The adjustment of the spatial structure of urban agglomerations is an effective tool for improving carbon emission reduction. Given the complexity of sustainable environment and carbon emission reduction, urban low-carbon transformation faces challenges such as population agglomeration, factor mobility, and urban expansion. This study constructs a carbon emission reduction capacity indicator system and adopts Zipf's law to measure the centrality index of the spatial structure of urban agglomerations. The influence of spatial structure on carbon emission reduction capacity is verified using five Chinese national urban agglomerations in the Yellow River Basin.

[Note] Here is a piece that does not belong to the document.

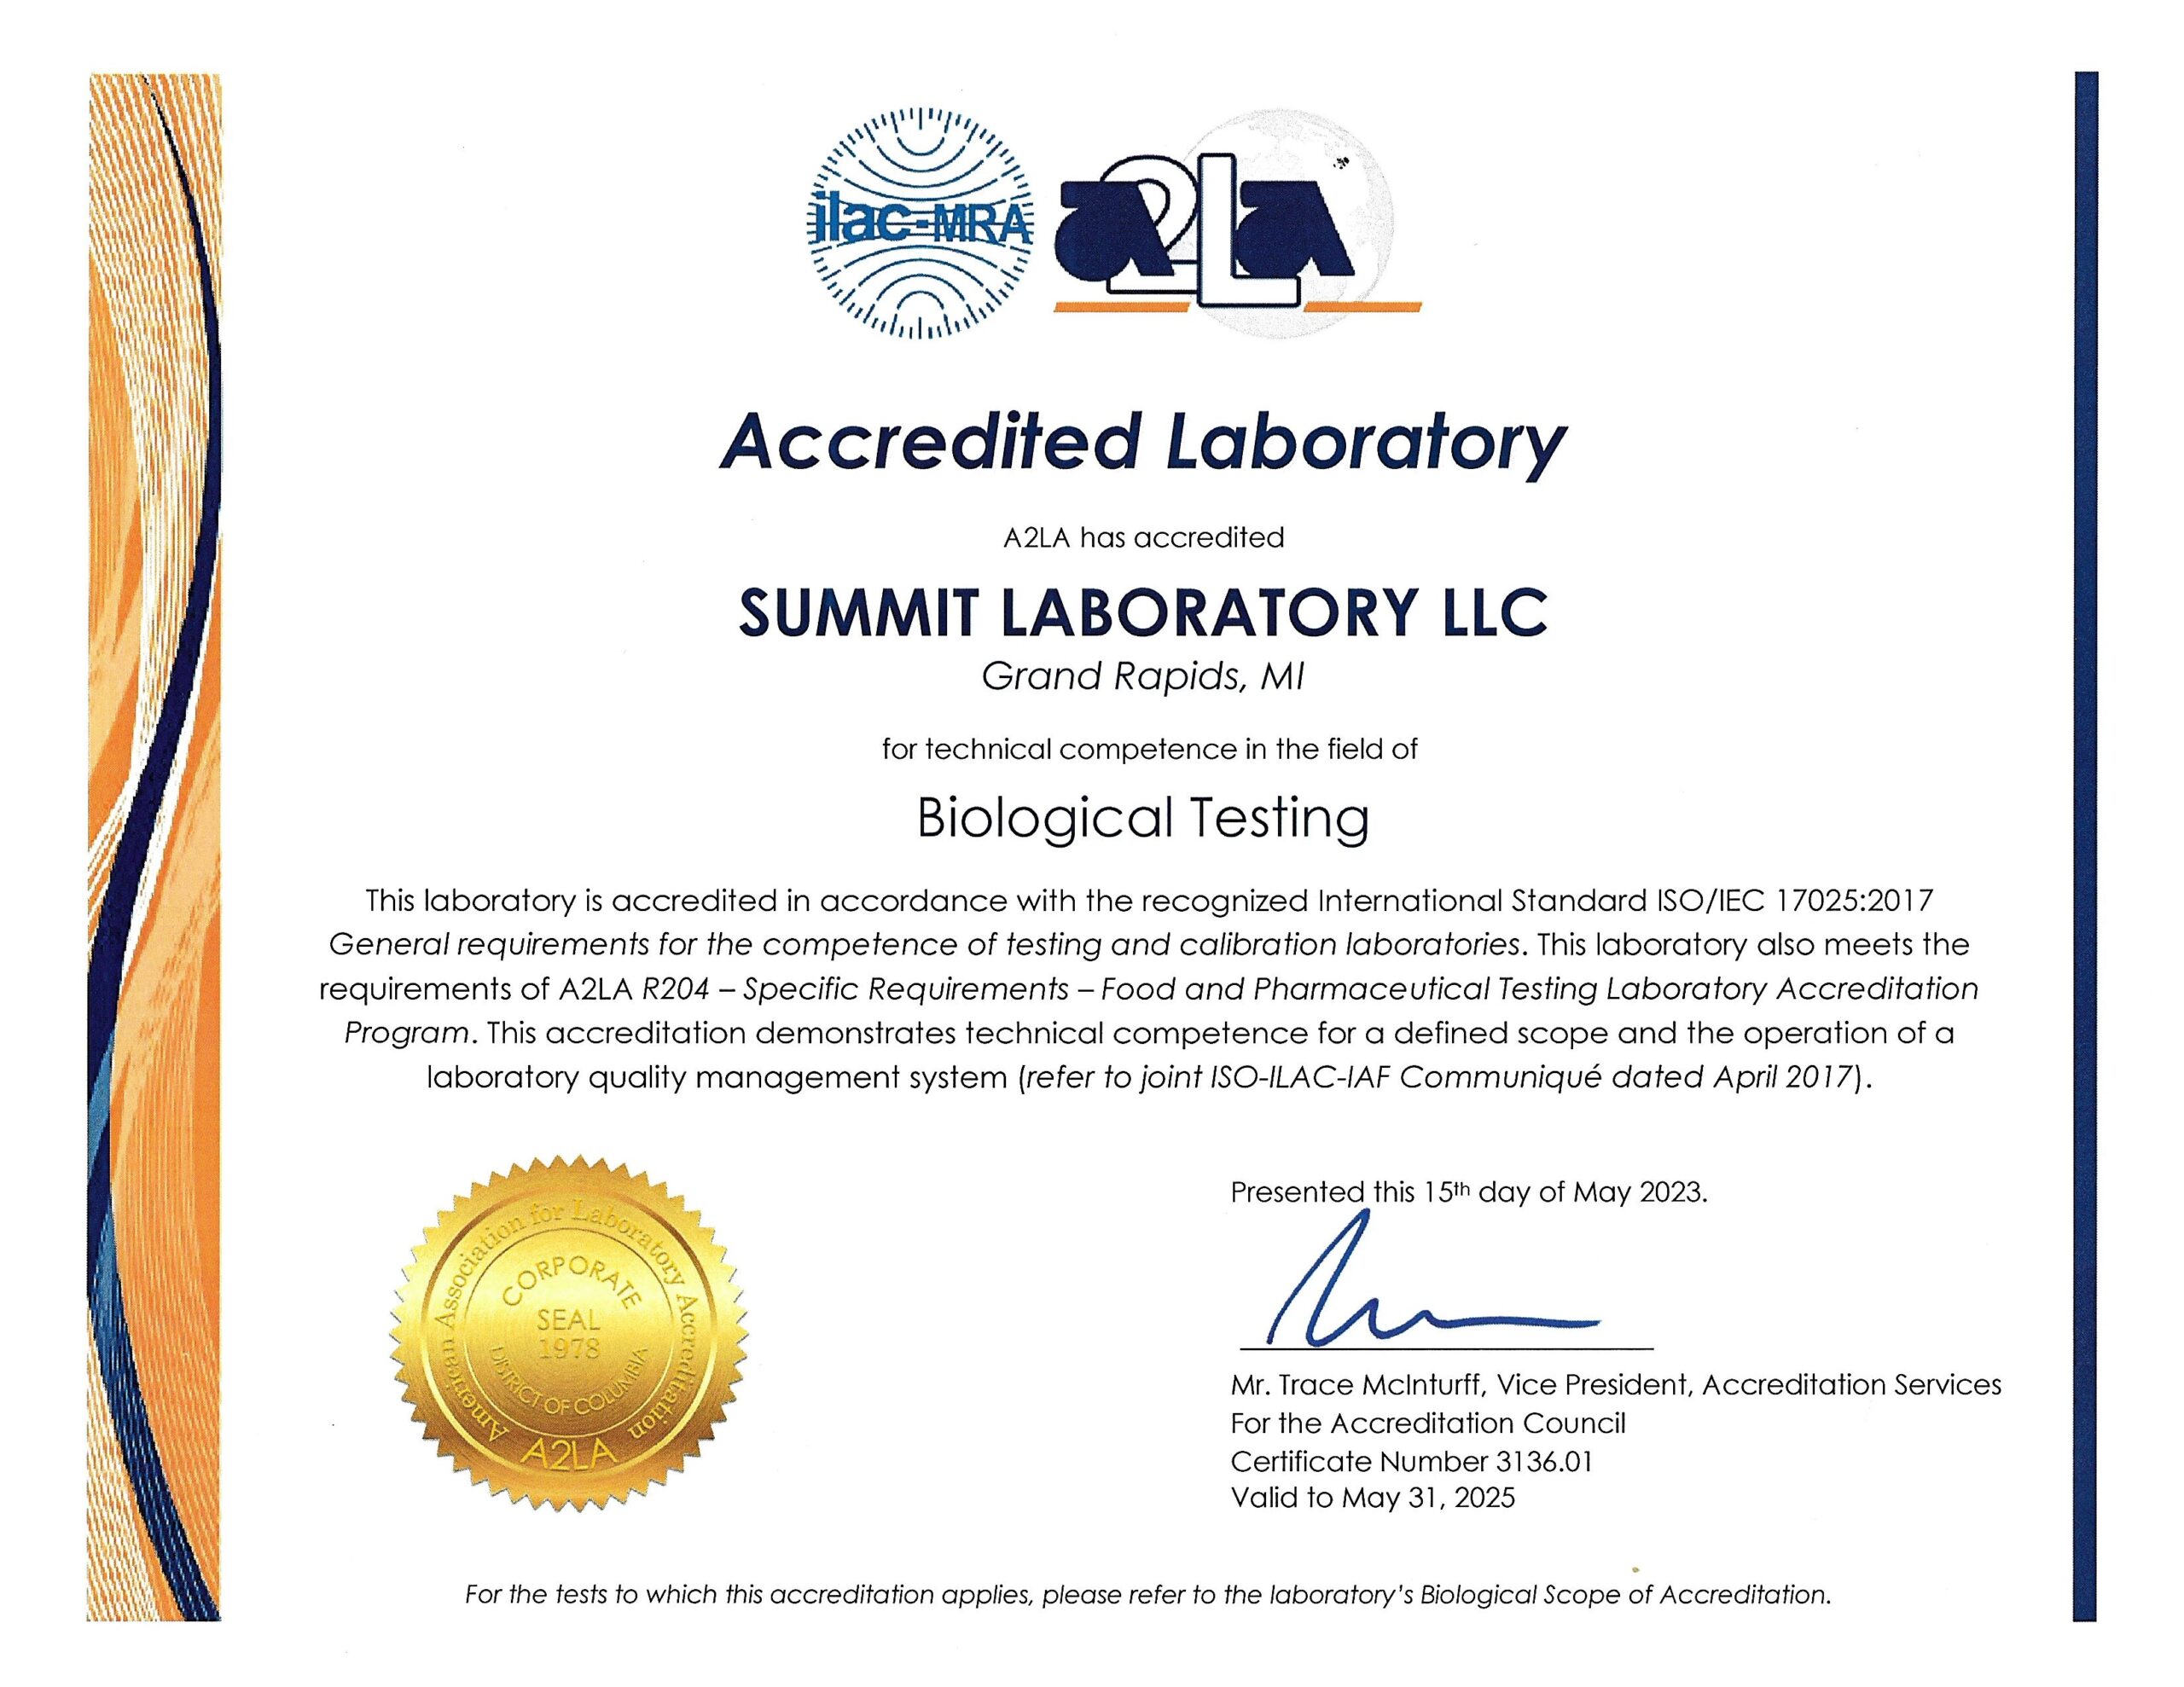 Summit A2LA ISO 17025 accredited methods scope 2020-3

The results show that urban agglomerations are dominated by a polycentric spatial structure, with strong carbon emission reduction capacity in the middle and lower reaches and weak capacity in the upper reaches. Carbon emission reduction capacity presents an inverted U-shaped relationship with spatial structure, and functional specialization presents nonlinear mediating effects. Carbon emission reduction effects can be maximized through rational functional specialization of the spatial structure. The moderation of the increase in factor mobility shows a weakening effect. Thus, a moderately polycentric spatial structure of urban agglomerations should be optimized to promote production factor mobility through sustainable governance. Reasonable urban functional positioning and the coordinated management of carbon emission reduction among cities should be developed.